RULE 7. PROCEDURE AND MANNER OF FURNISHING INFORMATION

(1) Every reporting entity shall communicate to the Director the name, designation and address of the Designated Director and the Principal Officer.

(2) The Principal Officer shall furnish the information referred to in clauses (A), (B), (BA), (C), (D), (E) and (F) of sub-rule (1) of rule 3 to the Director on the basis of information available with the reporting entity. A copy of such information shall be retained by the Principal Officer for the purposes of official record.

(3) Every reporting entity shall evolve an internal mechanism having regard to any guidelines issued by regulator, for detecting the transactions referred to in clauses (A),(B),(BA),(C),(D), (E) and (F) of sub-rule (1) of rule 3 and for furnishing information about such transactions in such form as may be directed by its Regulator.

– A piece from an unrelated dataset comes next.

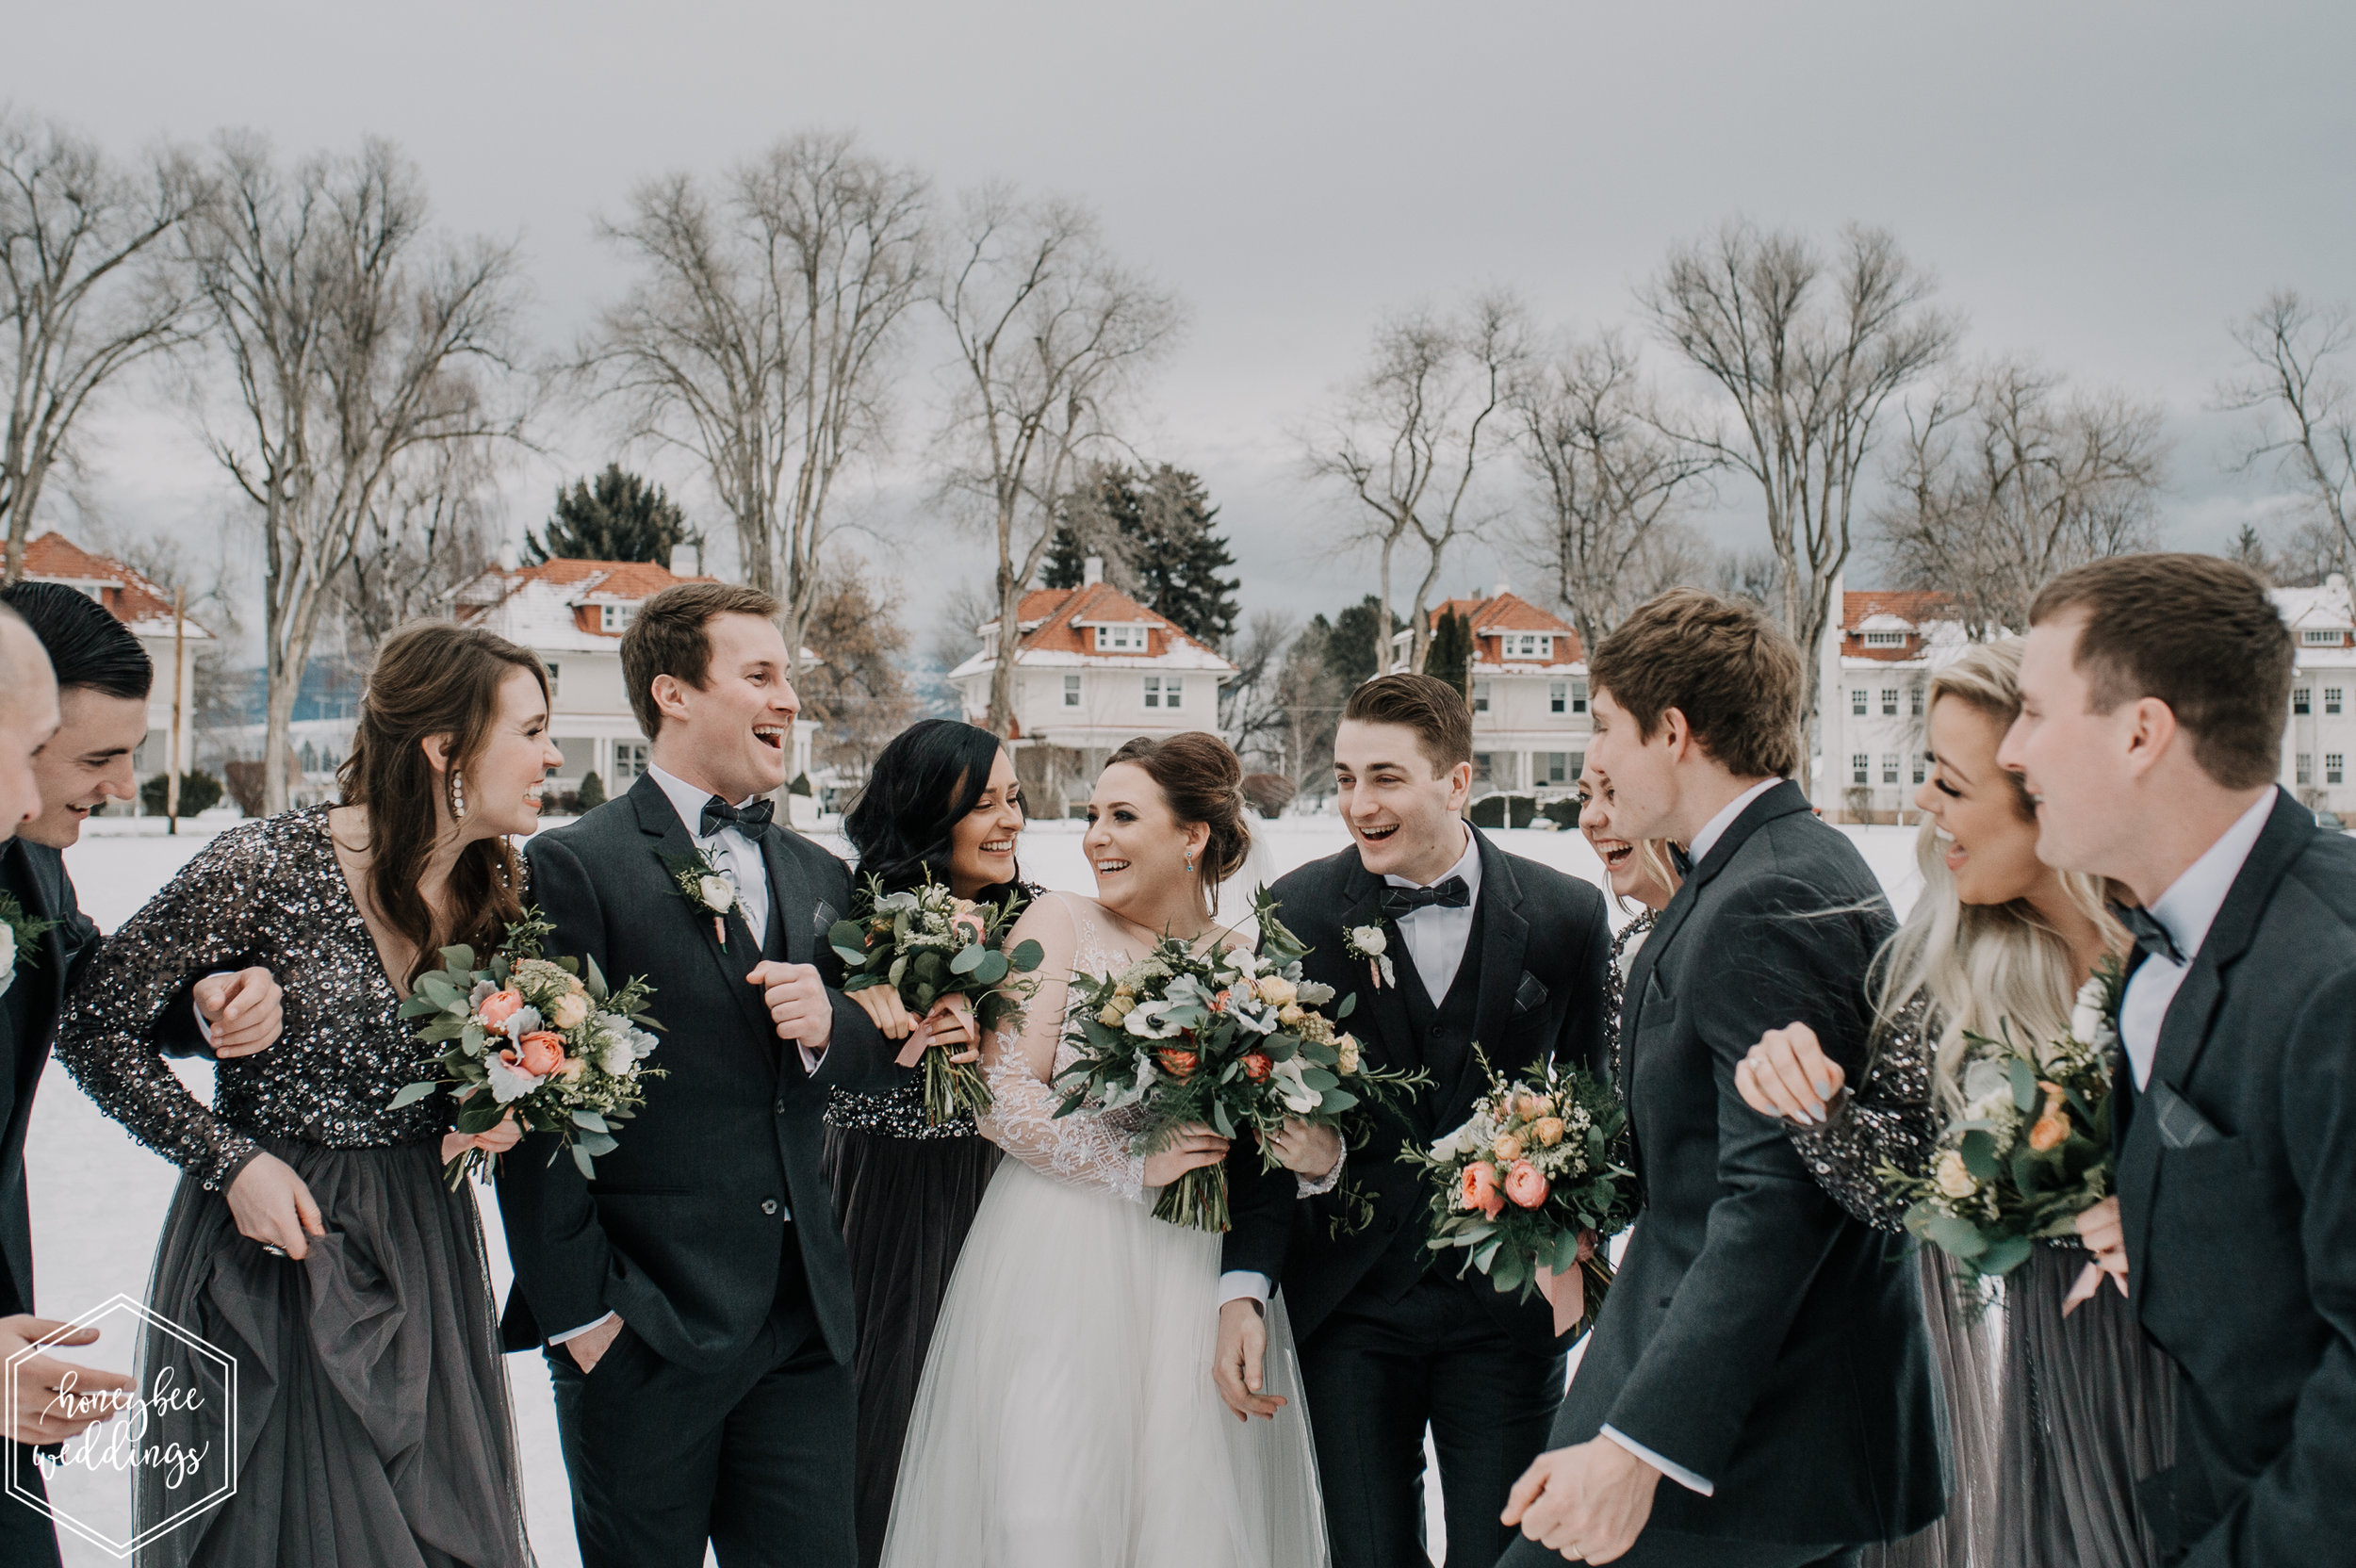 0193Montana Wedding Photographer_Montana winter wedding_Wedding at Fort Missoula_Meri & Carter_January 19, 2018-428.jpg

(4) It shall be the duty of every reporting entity, its designated director, officers and employees to observe the procedure and the manner of furnishing information as specified by [the Director in consultation with] its Regulator.]

EXPLANATION

In terms of Third Amendment Rules notified September 22, 2015 regarding amendment to sub rule 3 and 4 of rule 7, Director, FIUIND shall have powers to issue guidelines to the Insurers for detecting transactions referred to in various clauses of sub-rule (1) of rule 3, to direct them about the form of furnishing information and to specify the procedure and the manner of furnishing information.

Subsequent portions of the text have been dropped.